Imagine a beautifully-produced 350 page coffee-table-type book, with colour photos, and images down the margin. That is what you get in the Mass Explained app by Dan Gonzalez (website).
If you are a generally-interested Christian, particularly a Roman Catholic regular participant at Mass, you will be delighted with this app. I keep wanting to say “book” rather than app. Because, essentially, that is what this is – a flash, 21st-century book.
Chapters go through stand and sing; the entrance procession; the altar; venerating the altar; the sign of the cross… It is the Mass in slow motion, explaining anthropological, biblical, historical, and symbolic background to each part.
There are 12 video clips of good quality embedded in different parts of the book app. The quality is retained in full screen. There are 13 “panoramas”, where you can scan around within a scene in a full circle.

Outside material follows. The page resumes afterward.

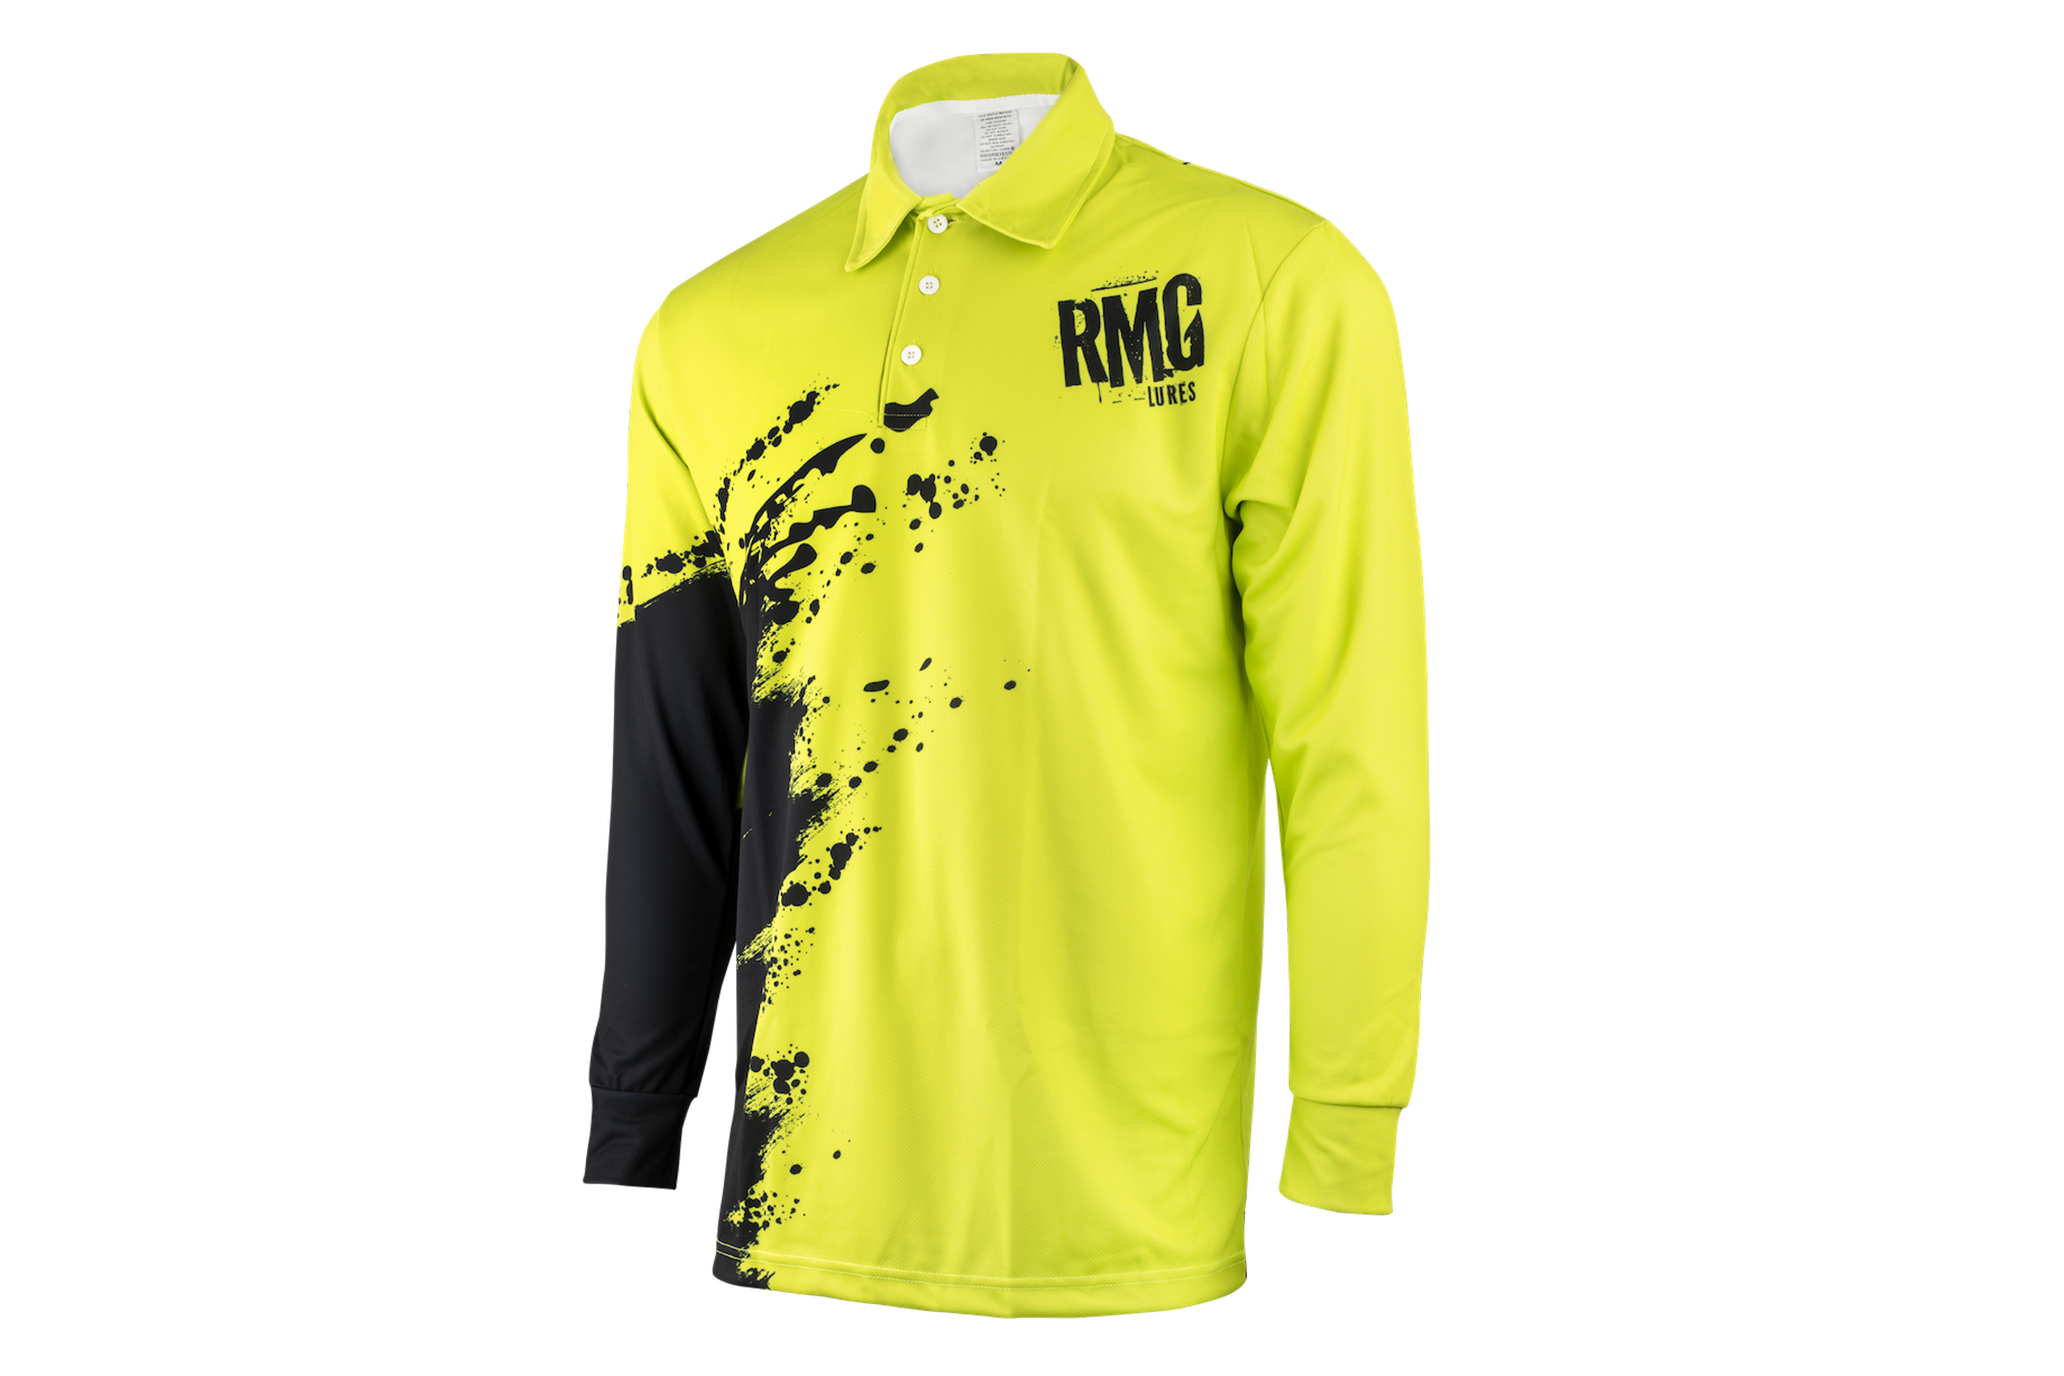 RMG Tournament Shirt

The scholarship is solid, conservative (there is no need to read that pejoratively, don’t expect radical or revisionist opinions to be presented here) and accesible. This is what Dan wished he had known when he was 25 years younger.
In my reading so far, and my skimming around, I have not found anything to disagree with or grating. Of course I may have expressed things a bit differently (I stand by my 5-part collect structure, Dan has a 4-part structure, combining the Petition and the Purpose into just “Petition”).
Minor points: the smaller images are generally of a resolution that cannot be enlarged by the taken-for-granted spreading-fingers manoeuvre on iPads – they will be too pixelated. Similarly, those images are not suitable for projection in a class or larger using this app. There is no search function. There is no way of copying and pasting text. You can click some parts of the book and it goes to another section as one would expect – then I click somewhere else (say a footnote number) and expect to move, and I find nothing moves, and that we are back in 20th century technology of hunting for where the footnote is. Links to websites might have been of value. And in the panoramas, being able to move more through the scene rather than merely spin around one point. Suggested questions for reflection or discussion in a group would enhance each chapter. As I say – minor points.
This is a book-app ideal for RCIA, senior secondary schooling Religious Education classes particularly in Roman Catholic schools, non-Roman Catholics with a serious interest in Roman Catholicism, and much of the book-app relates to what can be encountered and understood in Anglican, Episcopalian, Old Catholic and other Christian traditions.
May it also inspire others to start moving into the 21st century and making resources using the digital possibilities available for education, formation, ministry, and mission.
This is Volume I, covering the gathering rite and the Liturgy of the Word. I look forward to Volume II.
We seem to have been promised such things for a long time — at least since the 1990s. I am very glad to see they are coming through at last.
It seems ridiculous that people are still writing paper books about the performing arts or their practitioners rather than apps with sound or visual files.